There must be moral fitness as well. The Spirit of God will not tabernacle with unbelieving rebels. "After (or "when") that ye believed, ye were sealed with that Holy Spirit of promise" (Eph. 1:13). It is to those who obey the command, "Be ye not unequally yoked together" that God promises, "I will dwell in them" (2 Cor. 6:16). When by repudiating all idols, receiving Christ as Lord, trusting in the merits of His sacrifice, the heart is prepared—the Spirit of God enters to take possession for Christ’s use. When we give up ourselves to the Lord, He accepts the dedication by making our bodies the temples of the Holy Spirit, there to maintain His interests against all the opposition of the Devil.

In considering the Spirit indwelling believers we need to be on our guard against entertaining any conception of this grand fact which is gross and dishonoring to His Person. He does not so indwell as to impart His essential properties or perfections—such as omniscience or omnipotence—it would be blasphemy so to speak. But His saving and sanctifying operations are communicated to us as the sun is said to enter a room, when its bright beams and genial warmth are seen and felt therein.
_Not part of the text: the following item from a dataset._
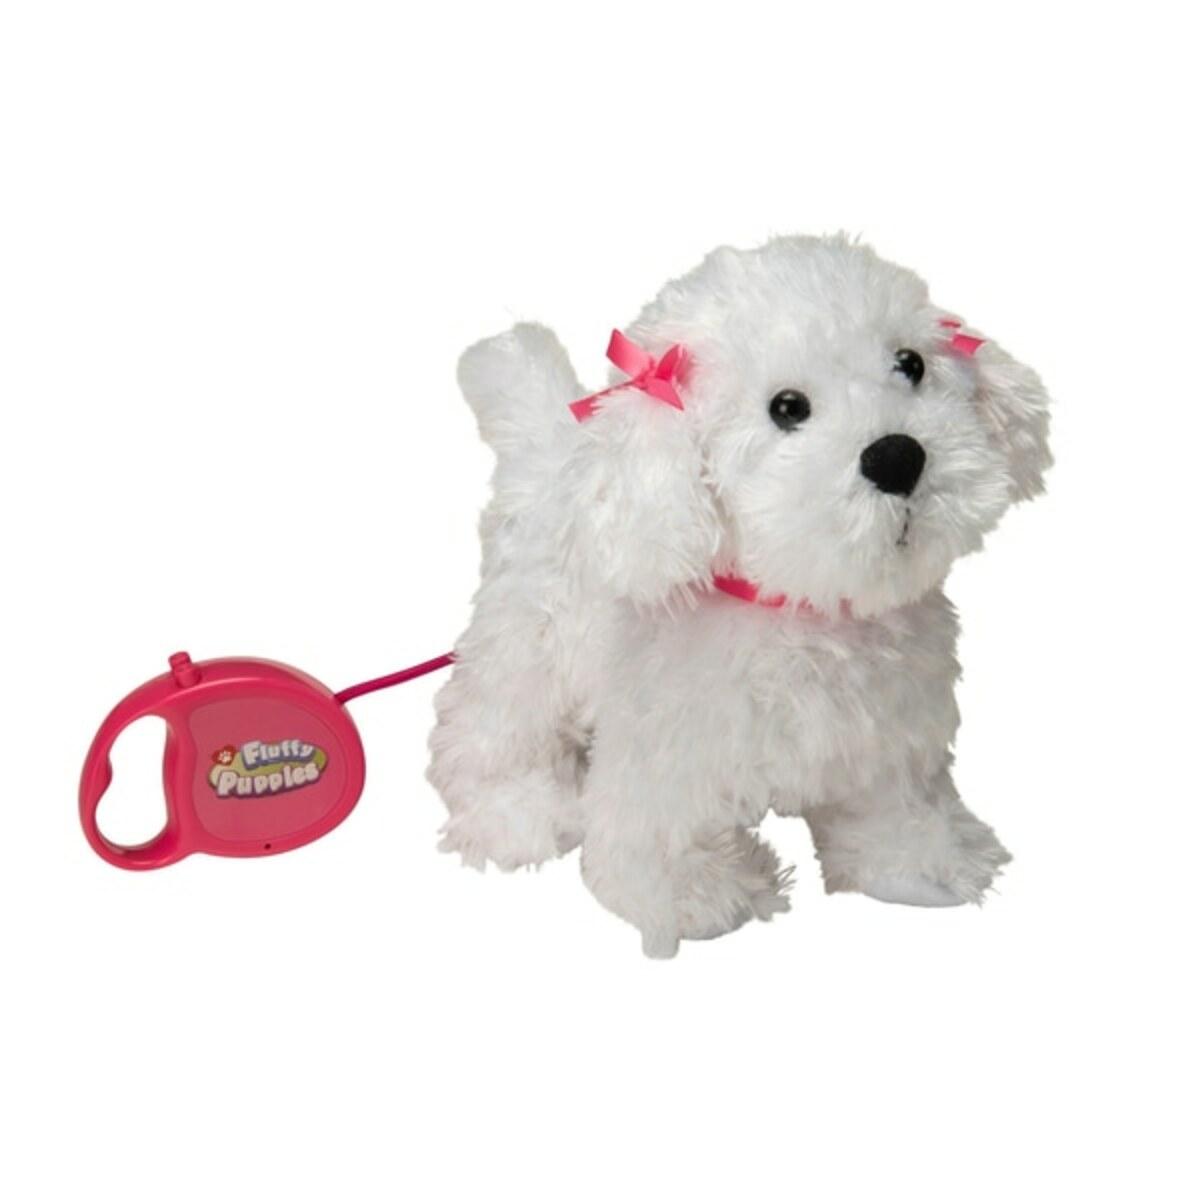 Bild 5 von Fluffy Puppies - Laufender Pudel
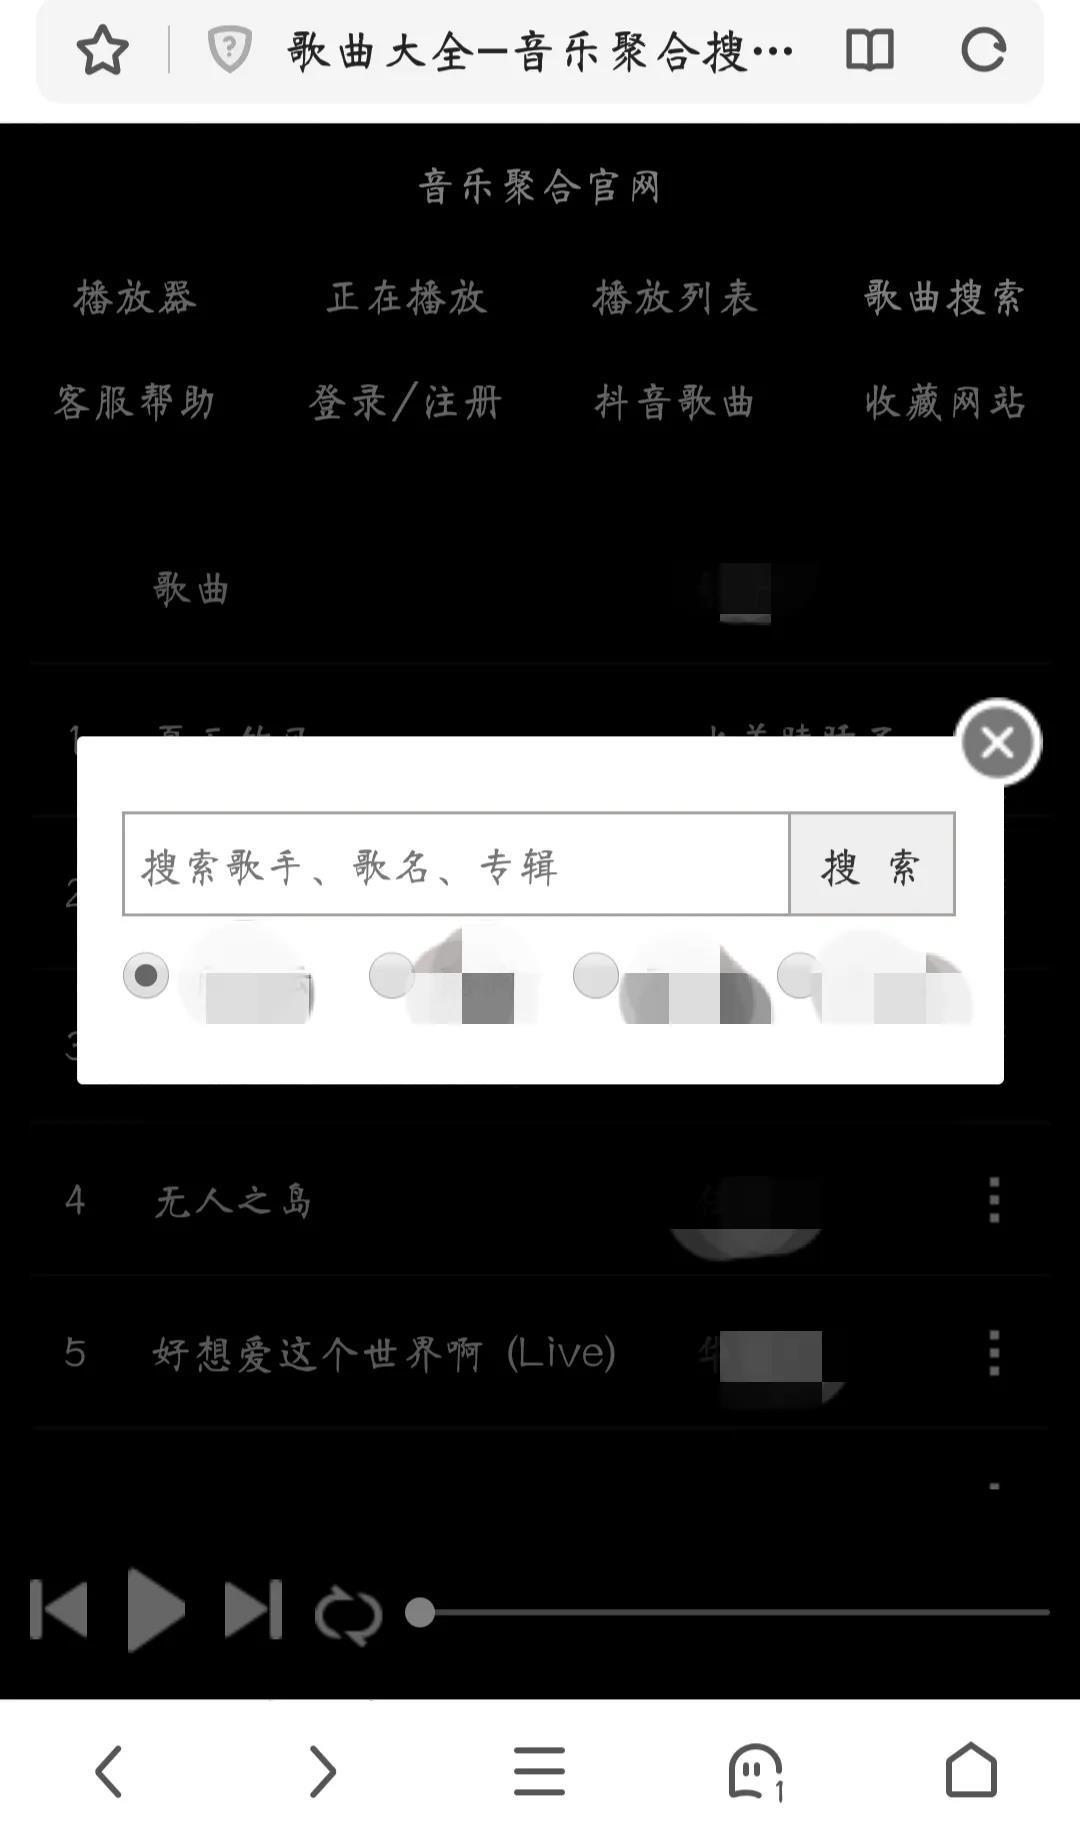 5eed807014195aa59439b07d 音乐聚合网站

Further, we must not think that the graces and benign influences of the Spirit abide in us in the selfsame manner and measure they did in Christ: no, for God "giveth not the Spirit by measure unto Him" (John 3:34)—in Him all fullness dwells.

This lays the basis for the most solemn appeal and powerful exhortation. Is my body a temple of the Holy Spirit? then how devoted should it be to God and His service! Am I indwelt by the Spirit of Christ? then how I ought to lend my ear to His softest whisper, my will to His gentlest sway, my heart to His sacred influence. In disregarding His voice, in not yielding to His promptings, He is grieved, Christ is dishonored, and we are the losers. The greatest blessing we possess is the indwelling Spirit: let us seek grace to conduct ourselves accordingly.